(COLLECTED MATERIAL Opens)
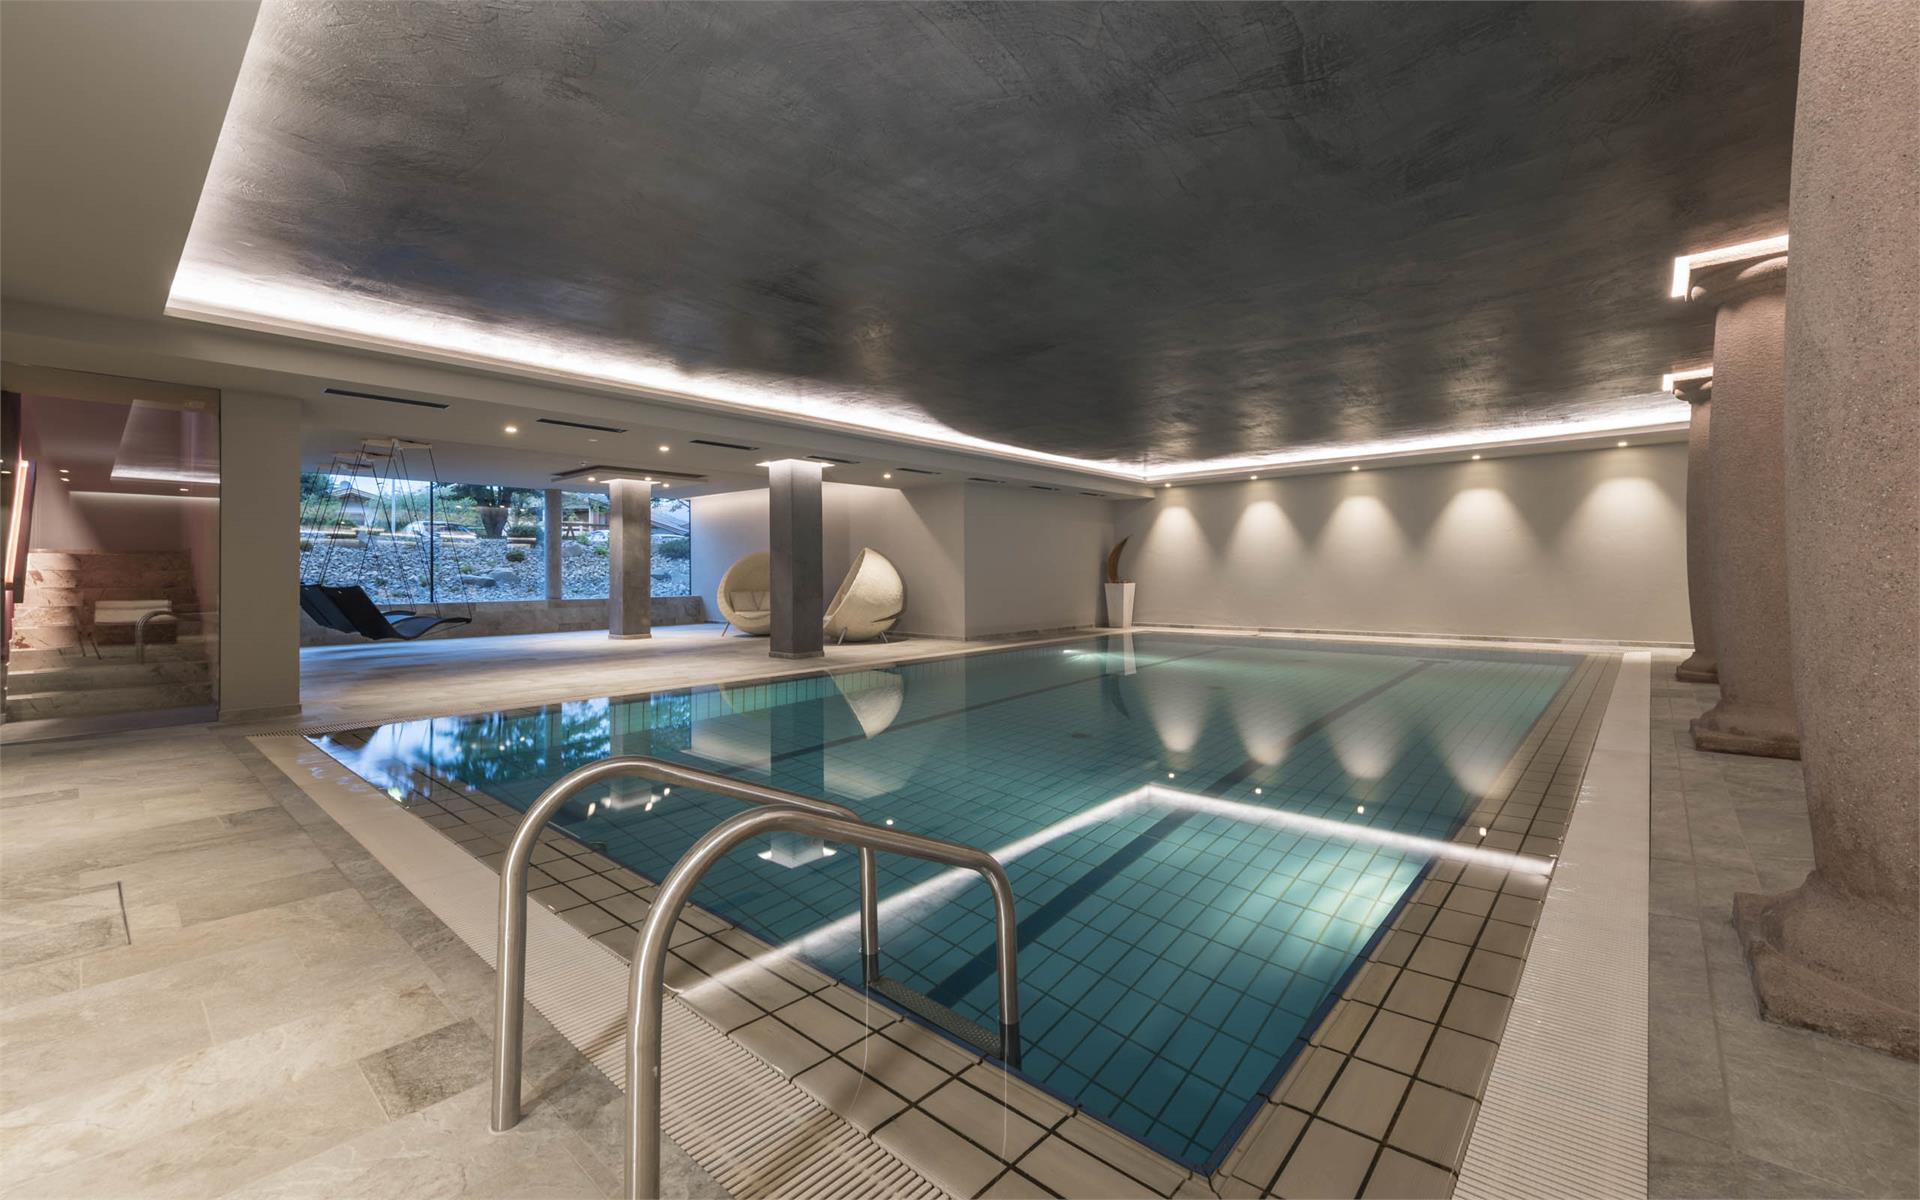 Indoorpool 7 x 12 m
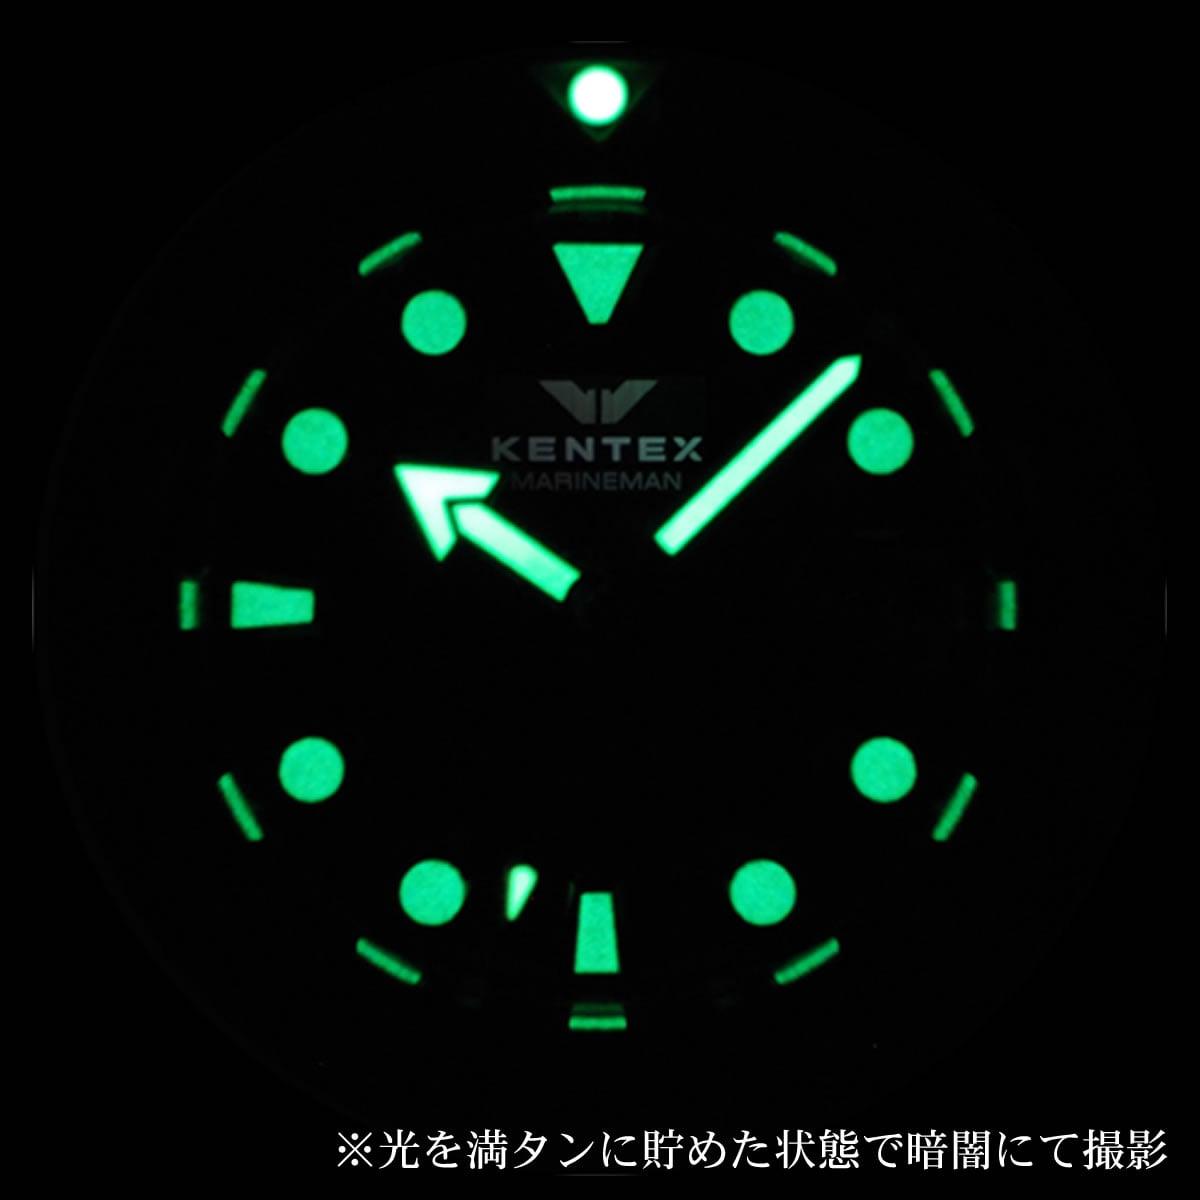 スーパールミナス夜光 s706m-13
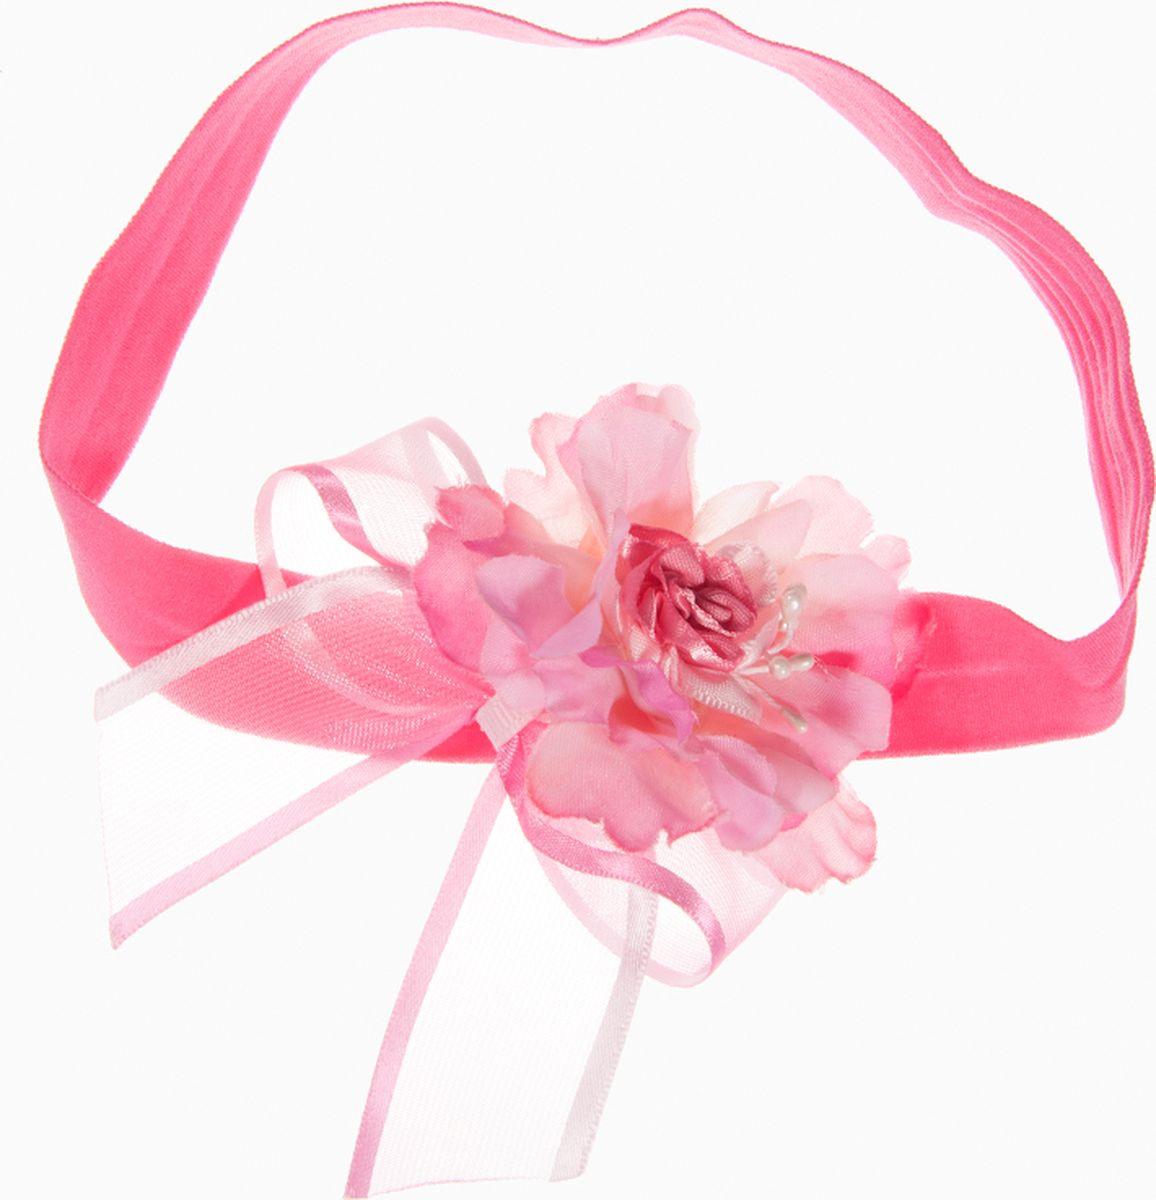 Повязка для волос Babys Joy, MN 15, малиновыйMN 15Повязка на голову. Изготовлена из трикотажной эластичной ленты. Украшена капроновым бантом и цветком. Ширина повязки 2 см.
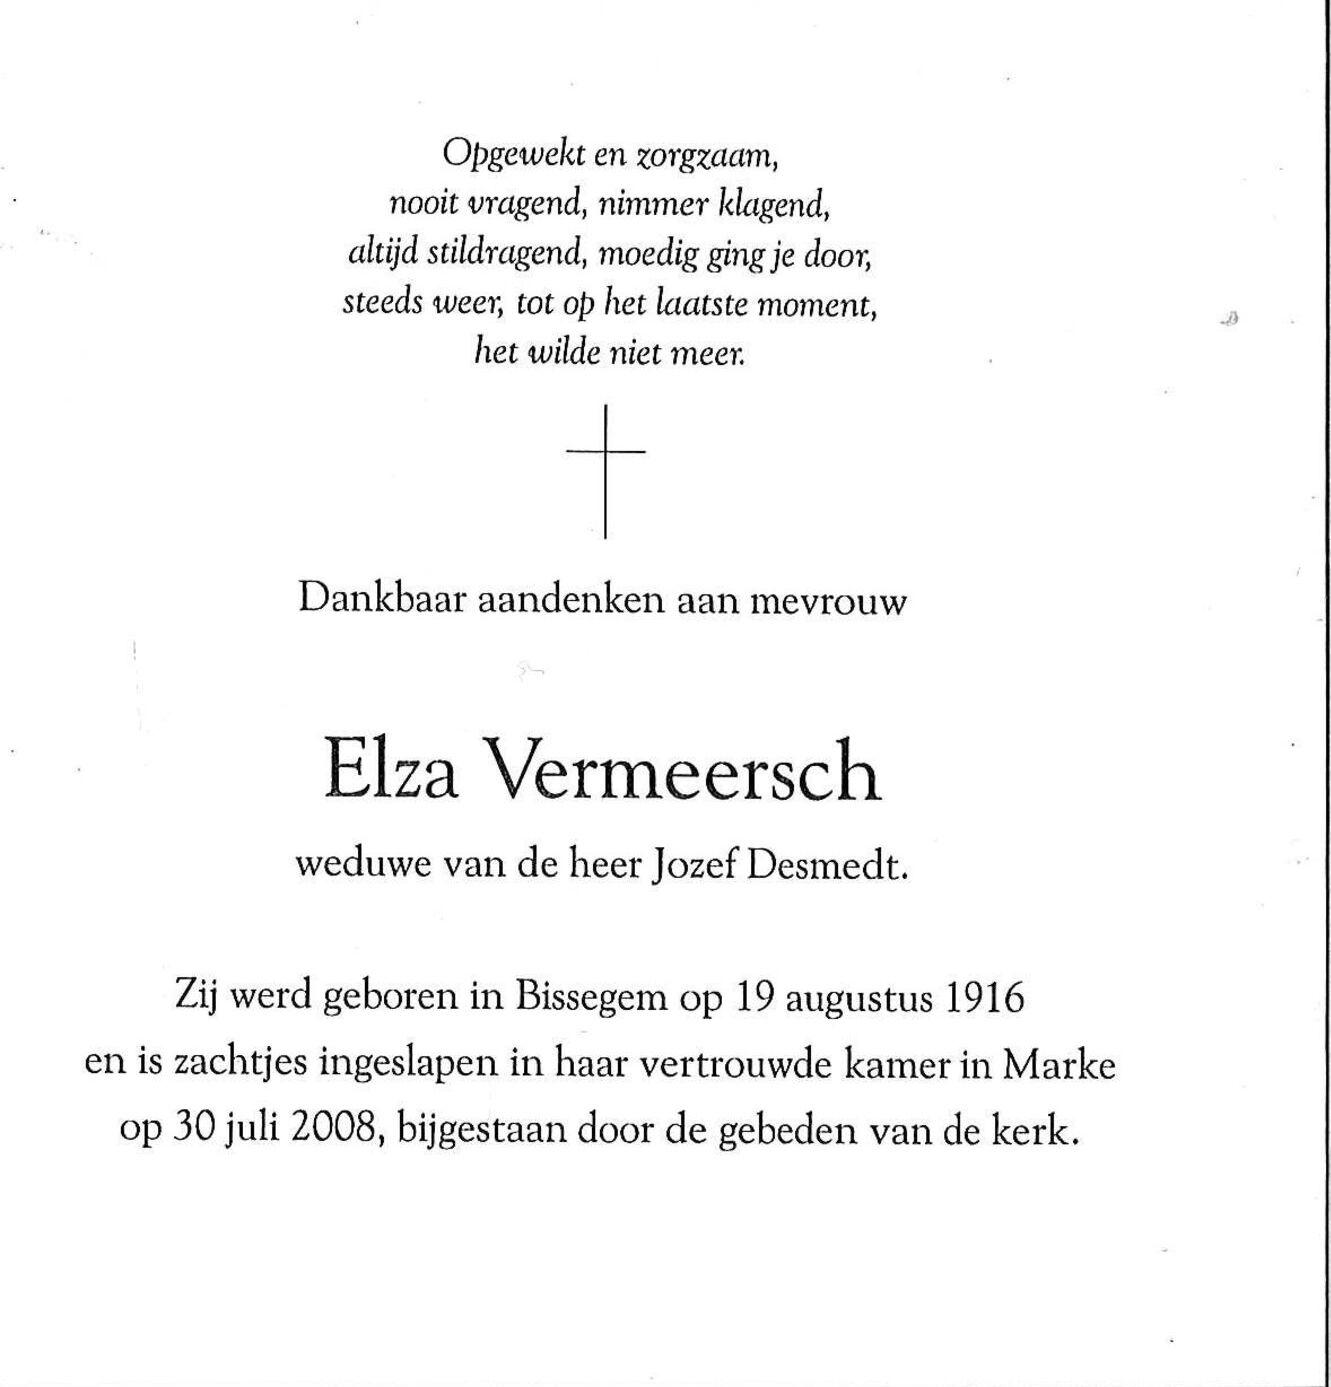 Elza Vermeersch
(COLLECTED MATERIAL Closes)
▸ **WHAT YOU HAVE TO DO**
Set the entire listing down again, exact in every line, without any pictures.

▸ **THE ANSWER**
 Indoorpool 7 x 12 m
 スーパールミナス夜光 s706m-13
 Повязка для волос Babys Joy, MN 15, малиновыйMN 15Повязка на голову. Изготовлена из трикотажной эластичной ленты. Украшена капроновым бантом и цветком. Ширина повязки 2 см.
 Elza Vermeersch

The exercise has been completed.